'''

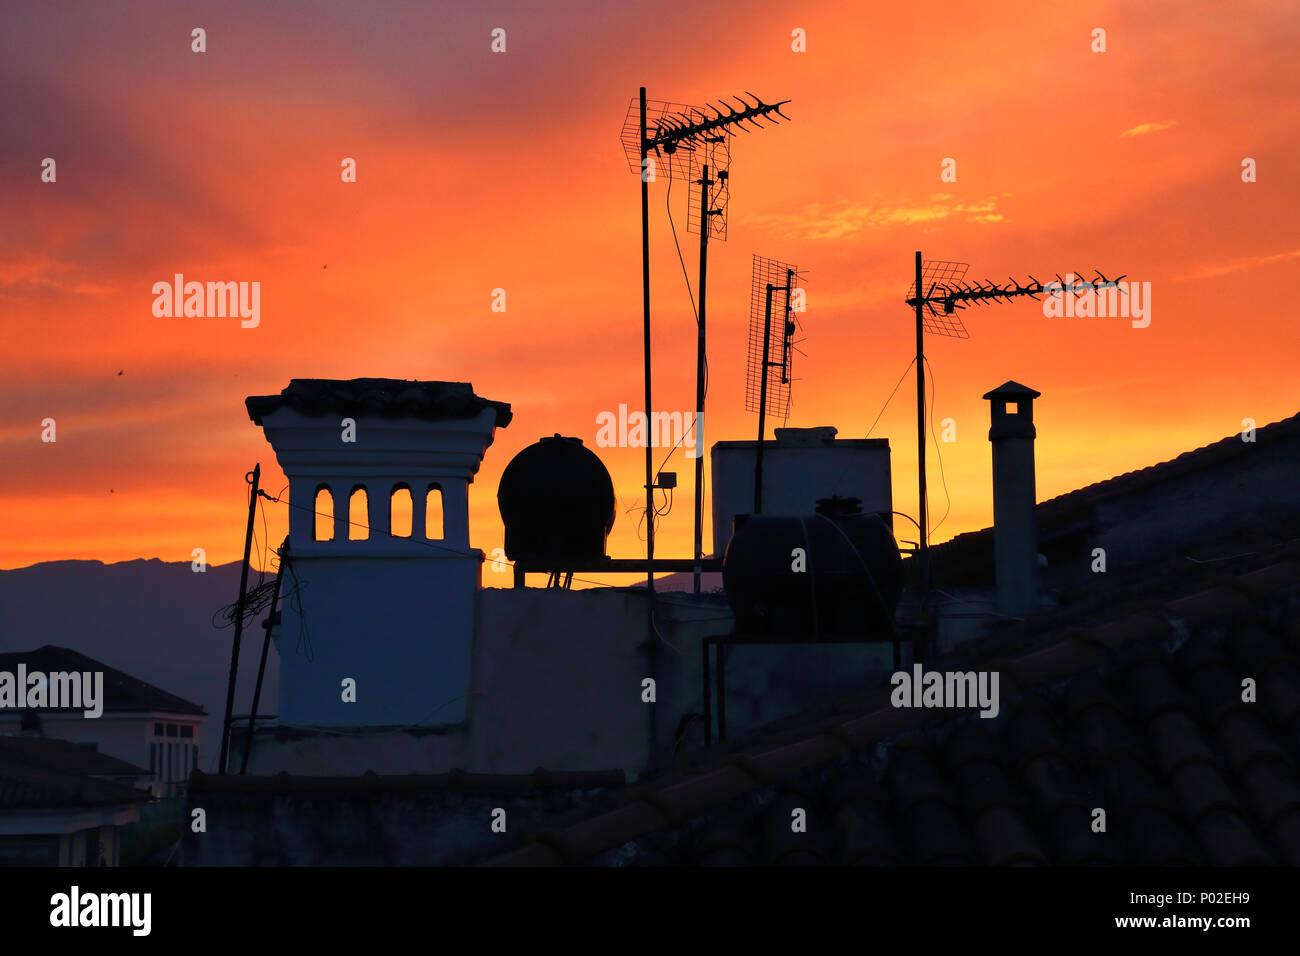 Sonnenuntergang Dach Silhouette, Griechenland Stockbild
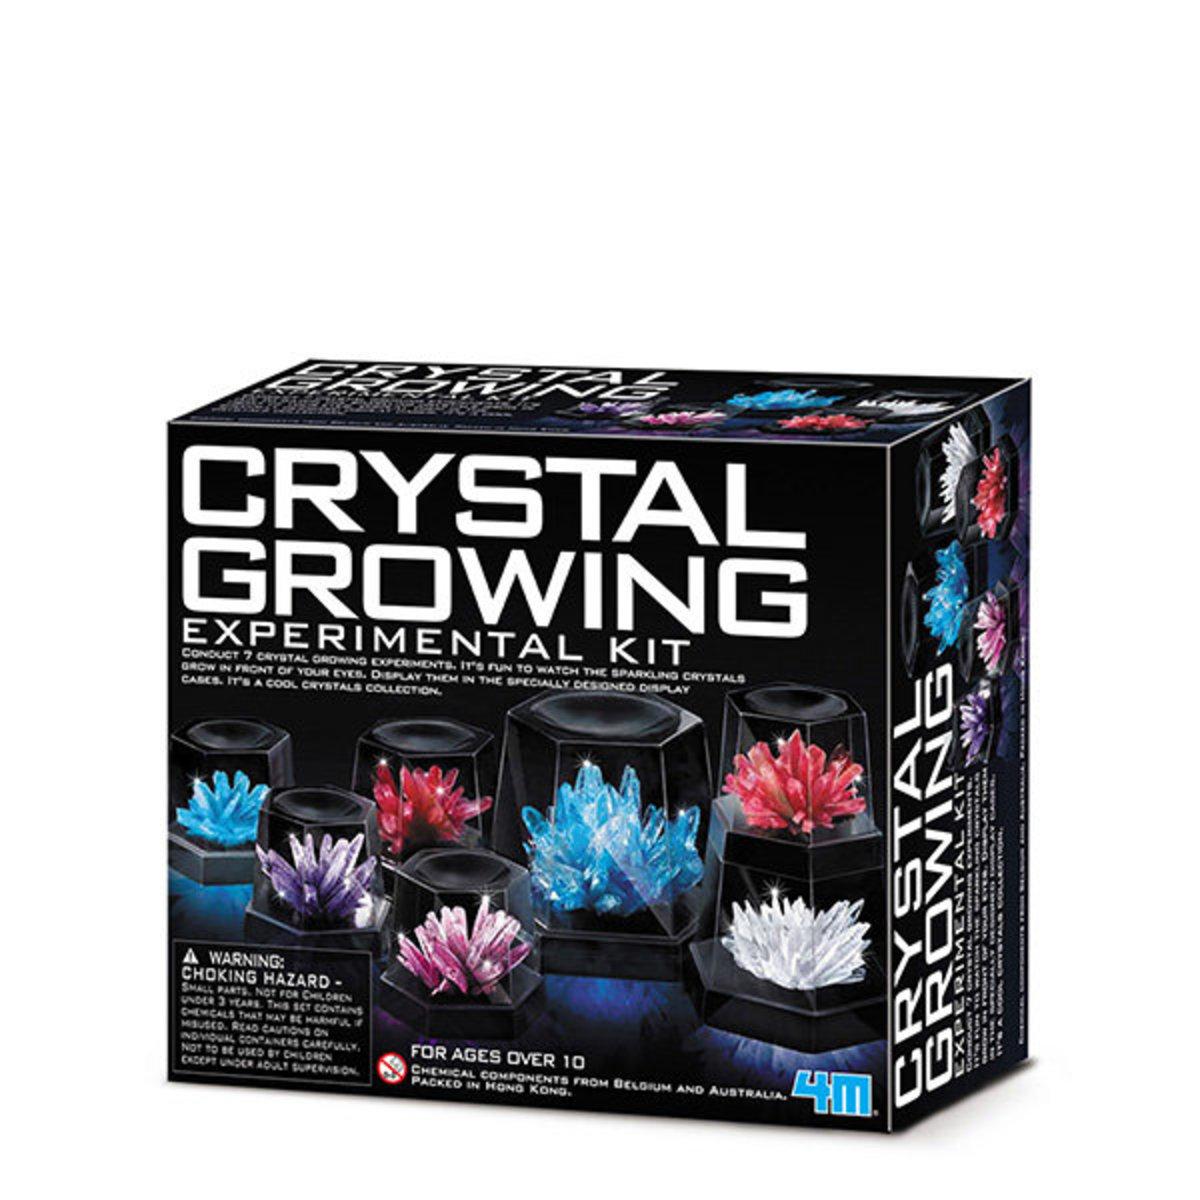 晶石種植大盒美國版STEM教育玩具
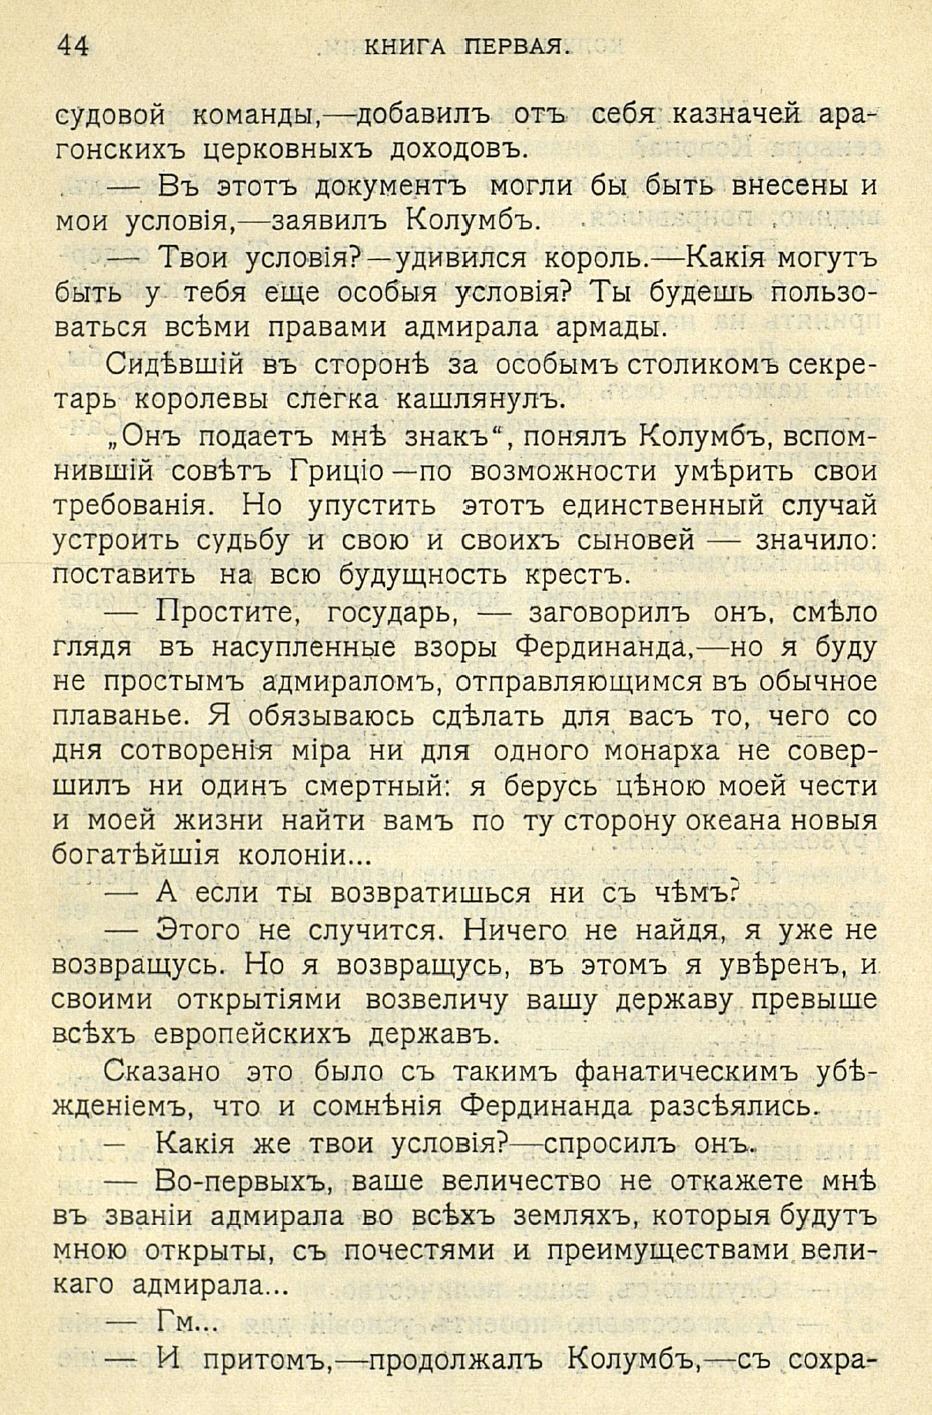 http://images.vfl.ru/ii/1407263957/b35190db/5908198.jpg

'''

* [Exercise requirements] Would you restate the listing word for word without its pictures?

* [Answer to the problem]
 Sonnenuntergang Dach Silhouette, Griechenland Stockbild
 晶石種植大盒美國版STEM教育玩具
 http://images.vfl.ru/ii/1407263957/b35190db/5908198.jpg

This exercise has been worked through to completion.